Kubernetes is at the top of everyone’s minds today. From engineers to CTO’s and senior leadership teams, everyone is hearing about this whole “Kubernetes” thing and the promise to make application and cloud-native deployments easier.
The problem is you simply cannot just “turn on some Kubernetes” and poof, all of your problems go away. Not only is Kubernetes extremely complex, but there are several underlying components that make up Kubernetes. With the underlying components, there’s a ton of underlying knowledge an engineer needs to truly understand Kubernetes.
In this blog post, you’ll learn about what you need to understand prior to even breaking into Kubernetes to be successful.

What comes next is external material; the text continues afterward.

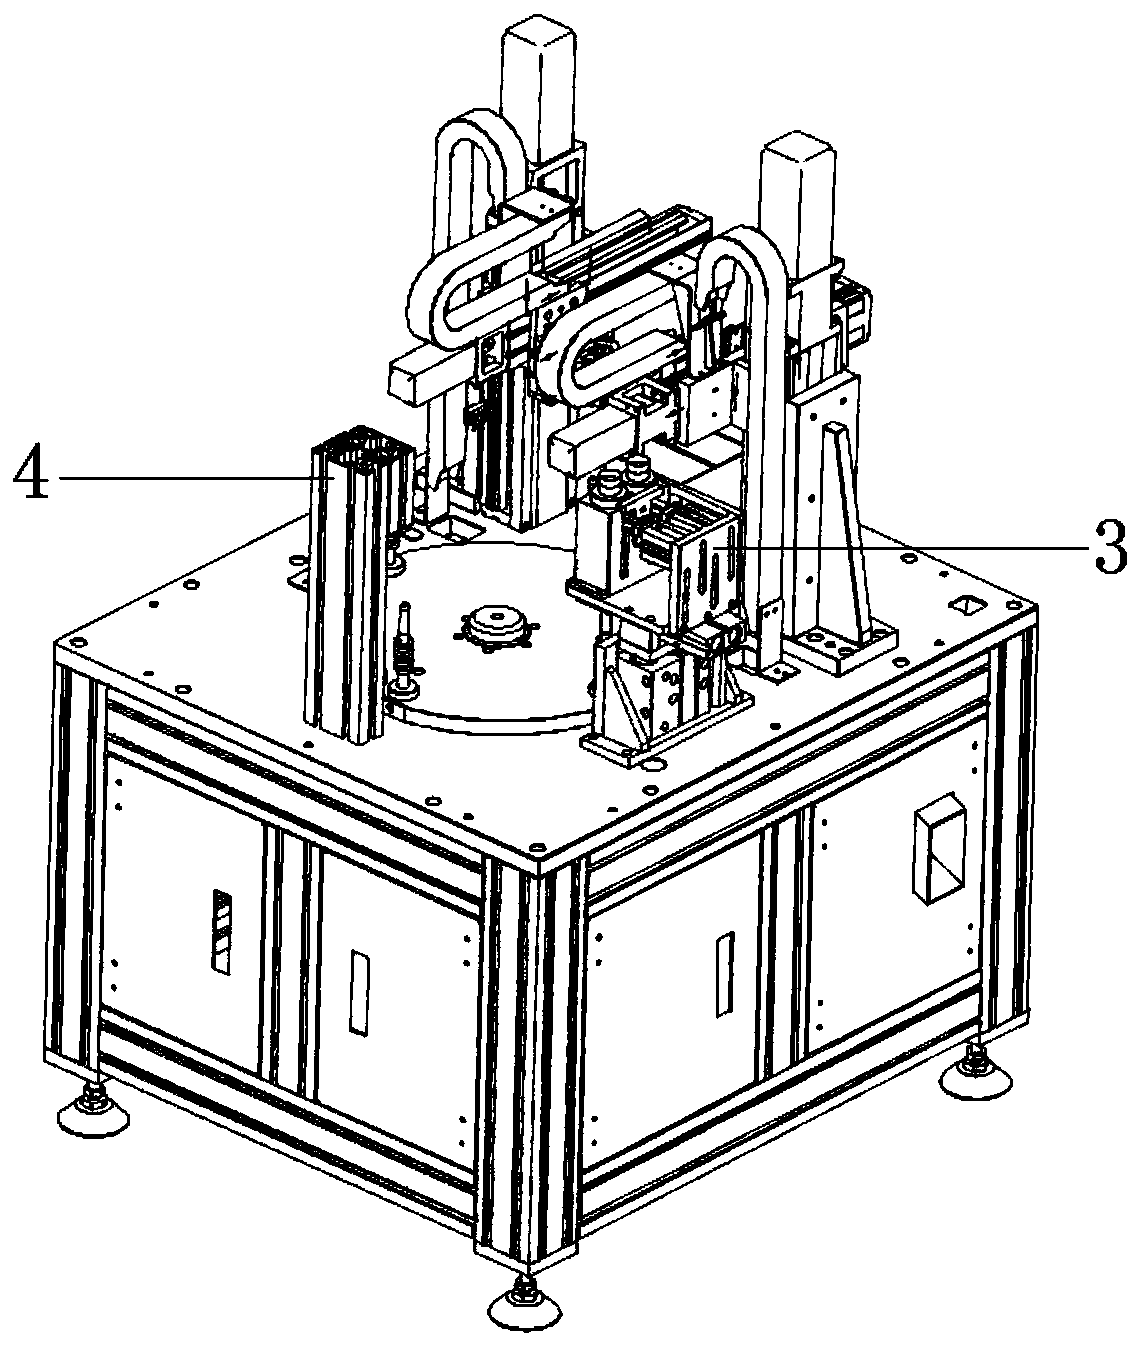 Full-automatic inner diameter sorting machine for springs

First things first; Operating Systems (OS). When you think of OS’s, you can think of it very briefly:
Kubernetes runs somewhere, even the cloud Kubernetes services like Azure Kubernetes Service (EKS) and Elastic Kubernetes Service (EKS). That somewhere is an operating system. The operating system is usually Linux, but recently, AKS now has the ability to have Windows Node Pools so you can run Windows workloads.
If you try breaking into Kubernetes without understanding OS’s, chances are you won’t be able to debug a node group (where the Kubernetes apps are running via Kubernetes Worker Nodes) or keep the underlying operating systems up to date from a security standpoint.
To learn operating systems for this purpose, pretty much any “linux fundamentals” free course on YouTube would do the trick.
Speaking of Operating Systems in the previous section, OS’s run somewhere. That somewhere is on infrastructure. The infrastructure can be anything from:
- Bare metal
- Virtual machines in a hypervisor like ESXi or Hyper-V
- EC2 instances in AWS
- Azure virtual machines
and several other places.
The underlying infrastructure, at one point or another, will require you to get into troubleshooting it. The goal is definitely to not have to RDP or SSH into servers, but sometimes you might have to.
Not to mention that to run Kubernetes, you need to understand infrastructure architecture. Things like how many Kubernetes worker nodes you should run, data centers they should run in, high availability, auto scaling, and network connectivity all play a crucial role in Kubernetes operating the way it should.
To learn infrastructure, you’ll typically get this knowledge from a systems administrator, infrastructure engineer, cloud engineer, or virtualization engineer style role.
When you’re deploying a stateful application, that state needs to be stored somewhere. Kubernetes Pods and those containers in the Pods are 100% ephemeral, meaning, they are meant to be turned off, destroyed, and re-deployed. Because of that, you can’t rely on out-of-the-box Kubernetes Pods to manage state for you.
With that being said, you have to understand storage. Storage, from an IT perspective, is really just where you store data. That data can be anything from:
- Database data
- Audio clippings
and pretty much anything else. When thinking about storage, think about Google Drive, Dropbox, etc…
When it comes to applications, you’ll typically see data stored for the application that cannot be deleted without the application being corrupt. You’ll also see applications that need to connect to a database, like MySQL.
The primary ways that Kubernetes typically works with some type of stateful data is:
When it comes to an application, something always has to be stored somewhere. It’s no different when it comes to Kubernetes.
Much like infrastructure, networking is needed for Kubernetes. In fact, networking is one of the most crucial aspects of Kubernetes. Without knowledge of networking, ports, load balancers, and firewalls, you won’t be able to deploy a Kubernetes application that either needs to:
- Communicate/send data/receive data from one backend Kubernetes application to another
- Needs to be public facing for users to reach like a frontend web app or website
Networking is huge in Kubernetes for all aspects of communication between Kubernetes Deployments, Pods, and Services.
If you’re not up to speed with networking, you should definitely read a Network+ book or watch some videos on YouTube. Here are a few recommendations:
Have you heard of the most recent security breach? Sure you have! There’s about fifty million per day!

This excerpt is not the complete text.